== EXTRACTED INFORMATION

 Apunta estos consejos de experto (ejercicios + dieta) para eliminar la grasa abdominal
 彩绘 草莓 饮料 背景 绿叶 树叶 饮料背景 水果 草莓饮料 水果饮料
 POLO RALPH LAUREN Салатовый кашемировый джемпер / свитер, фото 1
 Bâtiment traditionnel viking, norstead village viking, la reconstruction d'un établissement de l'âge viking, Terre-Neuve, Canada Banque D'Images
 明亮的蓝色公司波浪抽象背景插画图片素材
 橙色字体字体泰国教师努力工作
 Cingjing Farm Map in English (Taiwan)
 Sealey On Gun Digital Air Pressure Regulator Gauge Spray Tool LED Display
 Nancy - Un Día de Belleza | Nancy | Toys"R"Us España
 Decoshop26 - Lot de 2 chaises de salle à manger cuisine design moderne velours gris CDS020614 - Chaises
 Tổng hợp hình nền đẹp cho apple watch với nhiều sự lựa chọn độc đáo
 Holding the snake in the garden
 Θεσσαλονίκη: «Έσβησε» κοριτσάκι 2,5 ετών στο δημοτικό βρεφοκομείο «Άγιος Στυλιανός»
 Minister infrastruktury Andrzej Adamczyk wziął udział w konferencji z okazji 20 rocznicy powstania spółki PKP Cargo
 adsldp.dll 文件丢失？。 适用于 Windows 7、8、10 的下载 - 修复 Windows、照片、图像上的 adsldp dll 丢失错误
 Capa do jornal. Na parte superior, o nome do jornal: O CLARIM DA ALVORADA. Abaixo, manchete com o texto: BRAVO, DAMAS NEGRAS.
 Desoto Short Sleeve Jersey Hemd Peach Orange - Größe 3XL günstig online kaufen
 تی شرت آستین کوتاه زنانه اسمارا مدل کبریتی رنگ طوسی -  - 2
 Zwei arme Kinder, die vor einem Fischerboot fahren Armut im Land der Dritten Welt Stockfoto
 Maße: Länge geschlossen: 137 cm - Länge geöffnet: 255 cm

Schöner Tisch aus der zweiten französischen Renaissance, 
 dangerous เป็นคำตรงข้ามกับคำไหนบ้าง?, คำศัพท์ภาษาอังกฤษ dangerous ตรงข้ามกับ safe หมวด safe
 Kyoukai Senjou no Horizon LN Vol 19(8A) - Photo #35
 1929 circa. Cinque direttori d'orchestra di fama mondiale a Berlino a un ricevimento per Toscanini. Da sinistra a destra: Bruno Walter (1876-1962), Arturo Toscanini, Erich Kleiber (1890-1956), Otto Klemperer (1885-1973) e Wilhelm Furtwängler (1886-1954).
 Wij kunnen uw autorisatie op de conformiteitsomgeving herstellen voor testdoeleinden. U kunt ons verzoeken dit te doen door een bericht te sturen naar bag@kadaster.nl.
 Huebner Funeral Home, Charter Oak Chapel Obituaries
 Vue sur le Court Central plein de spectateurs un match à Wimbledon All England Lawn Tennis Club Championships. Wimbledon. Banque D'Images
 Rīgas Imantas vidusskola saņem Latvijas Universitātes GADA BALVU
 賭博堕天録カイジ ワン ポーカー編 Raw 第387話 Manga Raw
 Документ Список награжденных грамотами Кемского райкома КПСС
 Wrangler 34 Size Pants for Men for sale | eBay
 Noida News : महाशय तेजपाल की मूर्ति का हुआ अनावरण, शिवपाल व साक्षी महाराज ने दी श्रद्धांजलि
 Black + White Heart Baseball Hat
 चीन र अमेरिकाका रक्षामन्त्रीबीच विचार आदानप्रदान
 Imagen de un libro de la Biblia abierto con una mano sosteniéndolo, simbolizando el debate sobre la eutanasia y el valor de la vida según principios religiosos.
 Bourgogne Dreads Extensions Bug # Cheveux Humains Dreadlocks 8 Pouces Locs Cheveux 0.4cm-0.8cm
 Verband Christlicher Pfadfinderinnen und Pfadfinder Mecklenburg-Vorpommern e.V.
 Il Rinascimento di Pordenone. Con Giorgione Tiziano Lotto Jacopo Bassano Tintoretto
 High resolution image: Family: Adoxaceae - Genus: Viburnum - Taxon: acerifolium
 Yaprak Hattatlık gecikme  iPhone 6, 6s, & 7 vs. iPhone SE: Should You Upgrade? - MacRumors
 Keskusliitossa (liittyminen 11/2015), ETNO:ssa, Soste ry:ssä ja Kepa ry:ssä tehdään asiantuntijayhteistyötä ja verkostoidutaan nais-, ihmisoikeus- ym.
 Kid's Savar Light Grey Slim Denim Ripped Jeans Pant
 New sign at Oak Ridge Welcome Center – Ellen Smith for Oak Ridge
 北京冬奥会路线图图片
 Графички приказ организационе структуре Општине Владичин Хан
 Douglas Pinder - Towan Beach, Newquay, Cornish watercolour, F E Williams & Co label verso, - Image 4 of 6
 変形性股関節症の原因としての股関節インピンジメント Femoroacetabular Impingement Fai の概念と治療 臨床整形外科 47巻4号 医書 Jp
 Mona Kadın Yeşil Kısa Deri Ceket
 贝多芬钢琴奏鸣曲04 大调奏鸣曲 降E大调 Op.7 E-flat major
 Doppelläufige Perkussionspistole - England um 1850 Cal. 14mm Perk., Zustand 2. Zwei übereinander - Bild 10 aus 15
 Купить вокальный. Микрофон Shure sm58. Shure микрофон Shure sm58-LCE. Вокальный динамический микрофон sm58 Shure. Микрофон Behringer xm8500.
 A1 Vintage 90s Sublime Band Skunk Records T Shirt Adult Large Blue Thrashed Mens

====

Scan the records above for the lines holding "Noida News : महाशय" and "Imagen de un". Transcribe those two and every line between them word for word, and no others.

 Noida News : महाशय तेजपाल की मूर्ति का हुआ अनावरण, शिवपाल व साक्षी महाराज ने दी श्रद्धांजलि
 Black + White Heart Baseball Hat
 चीन र अमेरिकाका रक्षामन्त्रीबीच विचार आदानप्रदान
 Imagen de un libro de la Biblia abierto con una mano sosteniéndolo, simbolizando el debate sobre la eutanasia y el valor de la vida según principios religiosos.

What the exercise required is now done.